Treatment of intra-abdominal extralobar pulmonary sequestration through precise, targeted blockage of the affected artery via a minimally invasive procedure known as superselective transcatheter arterial embolization.
In a recent medical case, a 30-day-old newborn was successfully treated for intra-abdominal extralobar pulmonary sequestration (PS). The rare subtype of PS, typically diagnosed within the first few months of life, is characterized by a mass of nonfunctioning lung parenchyma that receives a systemic arterial blood supply and is mainly located in the thorax[1][3][5].
The case reported involved a term neonate with a history of recurrent left-sided pleural effusion. A CT scan with venous contrast revealed an intrabdominal extralobar PS on the left, associated with a diaphragmatic hernia. Due to the location of the sequestration, the diagnostic arteriogram showed a hypervascular image of the PS without signs of a systemic venous shunt[1].
To manage the condition, the patient underwent embolization of the anomalous branch to reduce bleeding, followed by embolization of the artery feeding the PS using 0.018" Interlock coils. Subsequently, the patient underwent left thoracotomy with excision of the accessory lung, and the diaphragm reconstruction was done using bovine pericardium[1].
Post-surgery, the patient was discharged from the hospital after 4 days without complications. At 8 months of follow-up, the patient remained asymptomatic and showed appropriate development for his age[1].
Extralobar pulmonary sequestration located intra-abdominally is less common but is managed similarly to other extralobar forms by surgical excision.

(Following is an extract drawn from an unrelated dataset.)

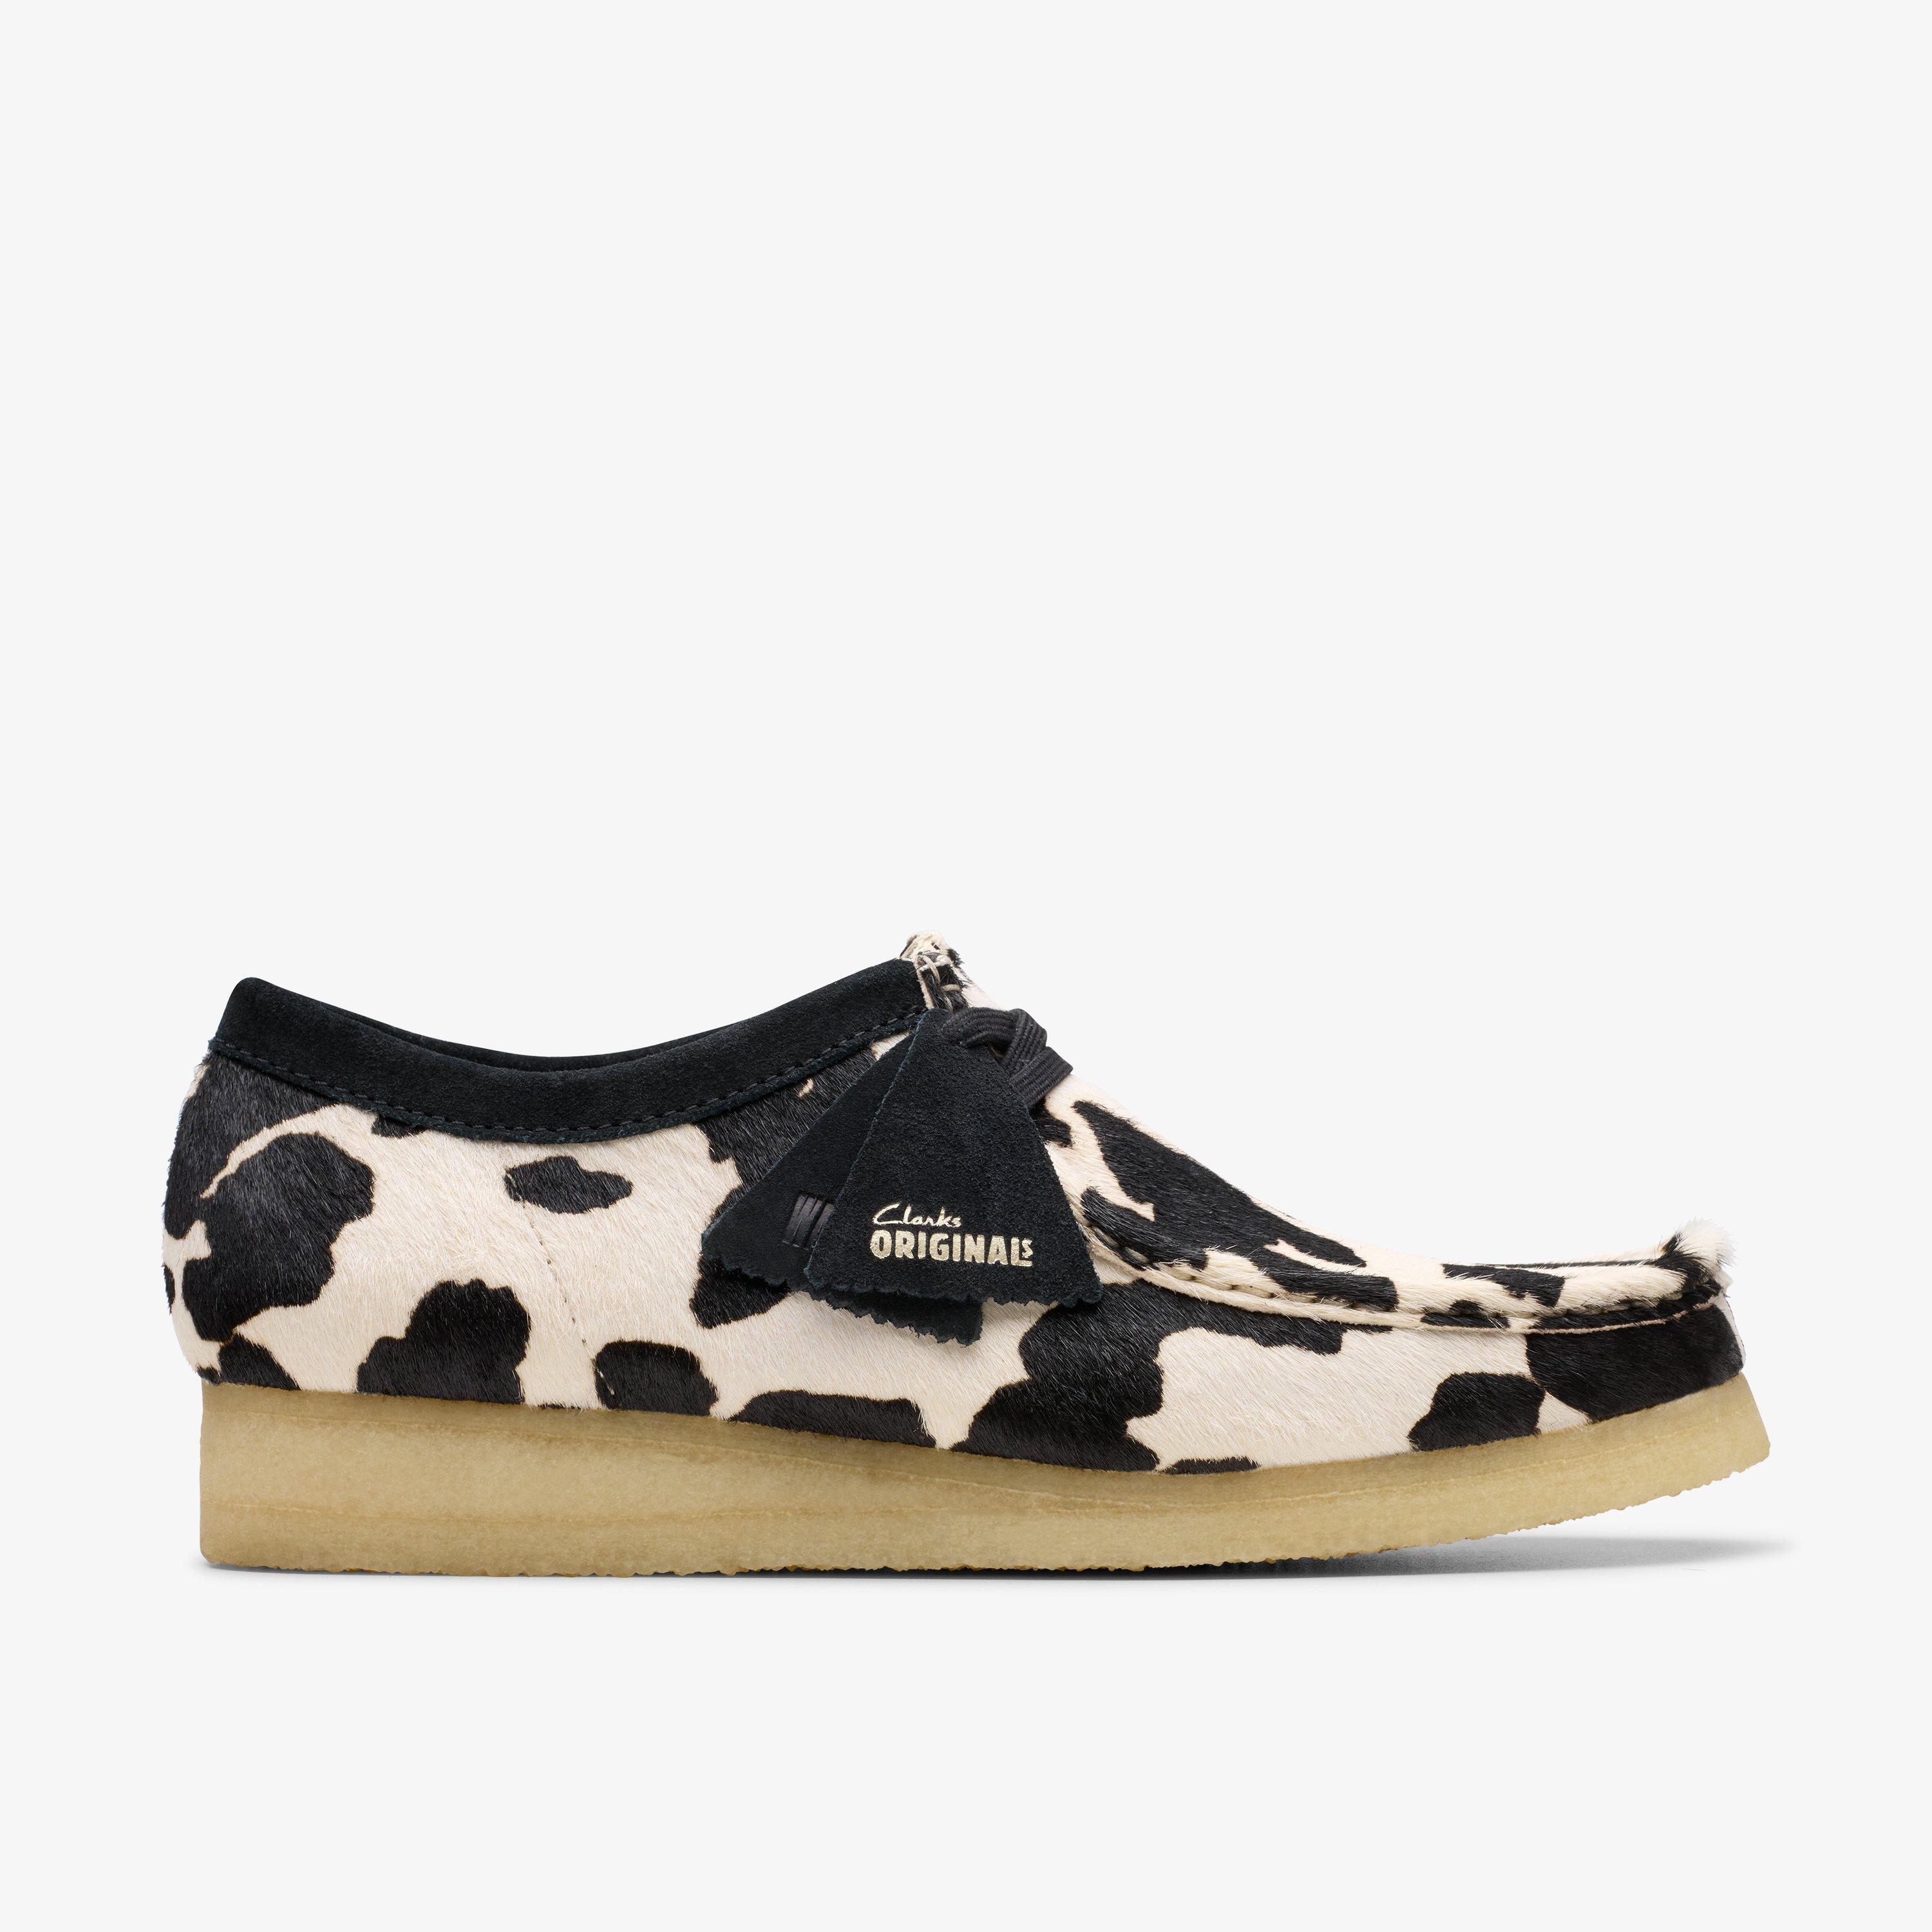 Size 12 Clarks Originals Wallabee Cow Print Hair On shoes

Surgery is preferred postnatally because it resolves symptoms and prevents potential complications such as infection, hemorrhage, or mass effect on adjacent structures[1][3]. In prenatally diagnosed cases with poor fetal prognosis (e.g., fetal hydrops), interventions like fetal surgery or thoracoamniotic shunting may be considered, but this is rare and specific to severe conditions[1].
Minimally invasive surgical techniques, such as thoracoscopic surgery, are becoming more common and offer advantages over open surgery, including reduced pain and faster recovery, when feasible[2][3]. However, for intra-abdominal locations, the surgical approach is tailored to accessibility and the anatomy of the lesion.
This successful treatment highlights the importance of timely and accurate diagnosis and appropriate intervention for intra-abdominal extralobar pulmonary sequestration in neonates.
References:
[1] Brady, A. F., & Sánchez-López, A. (2015). Pulmonary sequestration in children: a review of the current literature. Journal of Pediatric Surgery, 50(10), 1839-1845.
[2] Kang, S. Y., Lee, S. Y., Lee, K. Y., Chung, J. H., & Lee, J. Y. (2011). Video-assisted thoracoscopic surgery for pulmonary sequestration in children. Pediatric Surgery International, 27(12), 1243-1246.
[3] Puri, R. K., & Goyal, R. K. (2011). Pulmonary sequestration in children: a single-institutional analysis of 22 cases. Journal of Pediatric Surgery, 46(11), 2212-2217.
[4] Sánchez-López, A., & Brady, A. F. (2010). Pulmonary sequestration: a review of the current literature. Journal of Pediatric Surgery, 45(11), 2097-2103.
[5] Zhou, Y., Wang, Y., & Wang, X. (2017). Pulmonary sequestration: a systematic review and meta-analysis. Journal of Thoracic Disease, 9(11), 3379-3388.
Science and health-and-wellness intertwine in treating medical conditions, as shown in a successful case of a newborn with intra-abdominal extralobar pulmonary sequestration (PS). The treatment involved therapies-and-treatments like embolization and surgery, specifically left thoracotomy and diaphragm reconstruction, to manage the chronic disease. Neurological-disorders, complications like infection and hemorrhage, were effectively prevented due to the appropriate intervention.